What You Need to Know:

• Starting January 1, 2023, businesses that meet CCPA thresholds must apply extensive CCPA requirements, particularly with regard to personal information concerning employees, contractors, and job applicants.
• Businesses in the health care industry must be aware of their CCPA compliance requirements and be proactive to ensure compliance.
• Compliance will require organizations to understand what health-related data they maintain, and potentially provide privacy policies and a mechanism for data subjects to exercise their rights under CCPA. These requirements are separate from and additional to similar requirements under HIPAA.

​Background

CCPA applies to any business that processes the personal information of California residents and: (i) has annual gross revenues over $25 million; (ii) annually processes the personal information of 50,000 or more California residents or households (this threshold will be increased to 100,000 by CPRA as of January 1, 2023); or (iii) derives 50 percent or more of its annual revenue from selling California residents’ personal information. Non-profit organizations are generally outside the scope of CCPA. Data governed by other data privacy laws including Health Insurance Portability and Accountability Act of 1996 (“HIPAA”) and Gramm-Leach-Bliley Act are also not covered by the CPRA. However, CCPA and CPRA regulate the activities of “service providers” to covered businesses, which includes health care and life sciences entities that provide services to businesses subject to CCPA and CPRA. Such organizations may also have compliance obligations under these laws. 

In addition, at passage, CCPA included an exemption for data collected about employees and job applicants and personal data exchanged in a business-to-business context. In its summer session, the California legislature failed to enact an extension of these exemptions, meaning they will end on January 1, 2023. Businesses subject to CCPA must be prepared to comply as of that date with its requirements concerning personal data of employees, contractors, and job applicants. 

Health Care Data

Health care providers are not generally exempt from CCPA at the entity level. Instead, CCPA and CPRA provide a number of exemptions concerning health-related data sets. Specifically, under CCPA and CPRA, protected health information (“PHI”) collected by a covered entity (health care provider, health plan, or health care clearinghouse) or business associate (providing “business associate” services to a covered entity) is exempt from CCPA requirements. In addition, CPRA exempts health care providers governed by the California Confidentiality of Medical Information Act. Again, however, the provider must maintain the patient information in a HIPAA-compliant manner.  

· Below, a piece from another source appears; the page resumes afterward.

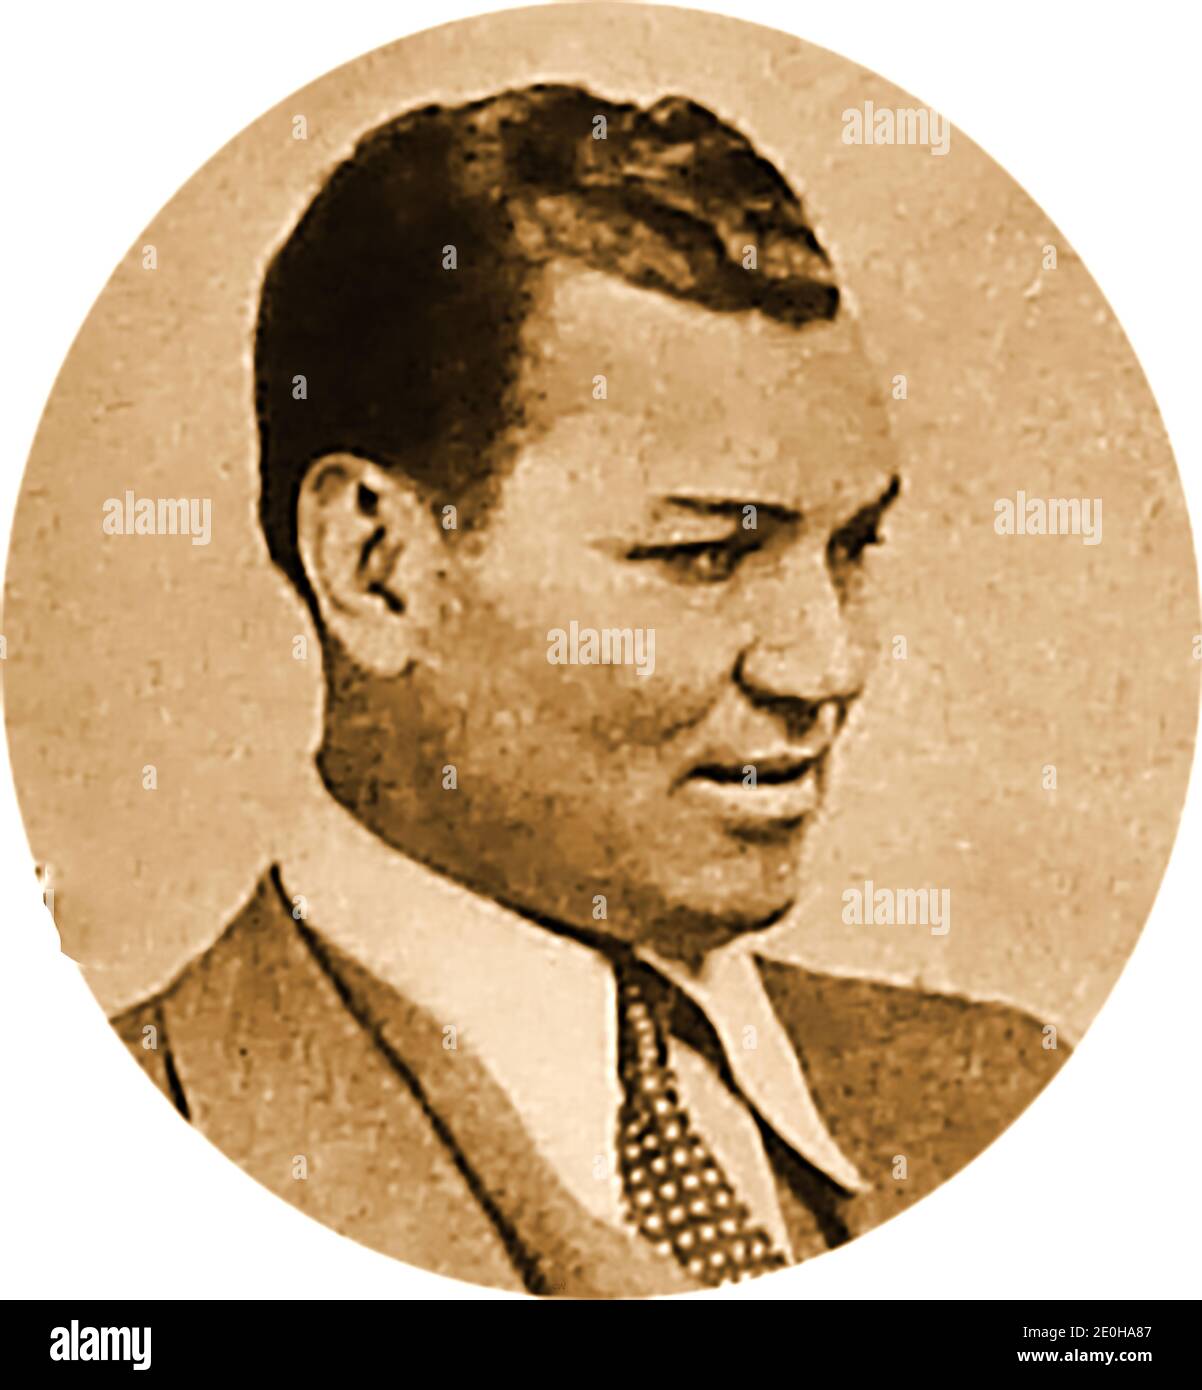 An early portrait of American professional heavyweight boxing champion Jack Dempsey,   -----  Full name  William Harrison 'Jack' Dempsey (1895 –  1983). He was nicknamed Kid Blackie, Young Dempsey or the Manassa Mauler .He  competed from 1914 to 1927, reigning as the world heavyweight champion from 1919 to 1926 and becoming a  cultural icon of the 1920s. He  pioneered the live broadcast of sporting & boxing events. There are some rumours  of  alleged Romanian origins, giving his real name as Teodor Domșa. The  only boxer ever to beat Dempsey by a knockout was Fireman Jim Flynn. Stock Photo

Critically, these exemptions do not completely remove an organization from CCPA unless the organization maintains all personal information collected about an individual, including, for example, information inputted into its website or a user’s IP address or geolocation data collected during visits to the organization’s website, in the same manner as it maintains PHI (e.g., inclusion in the organization’s electronic medical record). To the extent the organization collects data on individuals who are not patients of the organization, the HIPAA exemption may not apply. And it is unlikely that most businesses in the health care space would maintain employment-related personal information in a manner that exempts that information from the scope of CCPA. This exemption patchwork means businesses in the health care industry must take steps to determine if they must comply with CCPA.

Implementation

An organization’s first step is to understand what health-related information is maintained. This can be done by creating an inventory of data and identifying what information is considered PHI under HIPAA (and what is not PHI).

If an organization collects personal information subject to CCPA, the organization should prepare and provide a full privacy policy to data subjects that incorporates all the content requirements of CCPA as amended by CPRA. Further, additional state privacy laws (such as those passed by Virginia, Colorado, Connecticut and Utah) will become applicable throughout 2023, and laws of foreign jurisdictions, such as the European Union General Data Protection Regulation, may apply. Practitioners should be aware that any requirement established by these laws constitutes a separate requirement from the HIPAA Notice of Privacy Practices. 

Finally, organizations should develop and implement a mechanism for data subjects to exercise their rights under CCPA. This means creating a procedure to receive and respond to privacy rights requests from individuals. This is a separate, additional requirement to requests under HIPAA such as Right of Access requests, which are subject to significant government enforcement.

Although health care organizations benefit from carve-outs under CCPA and CPRA, they remain subject to obligations for information collected that is not HIPAA PHI. Organizations should start the process to determine compliance requirements.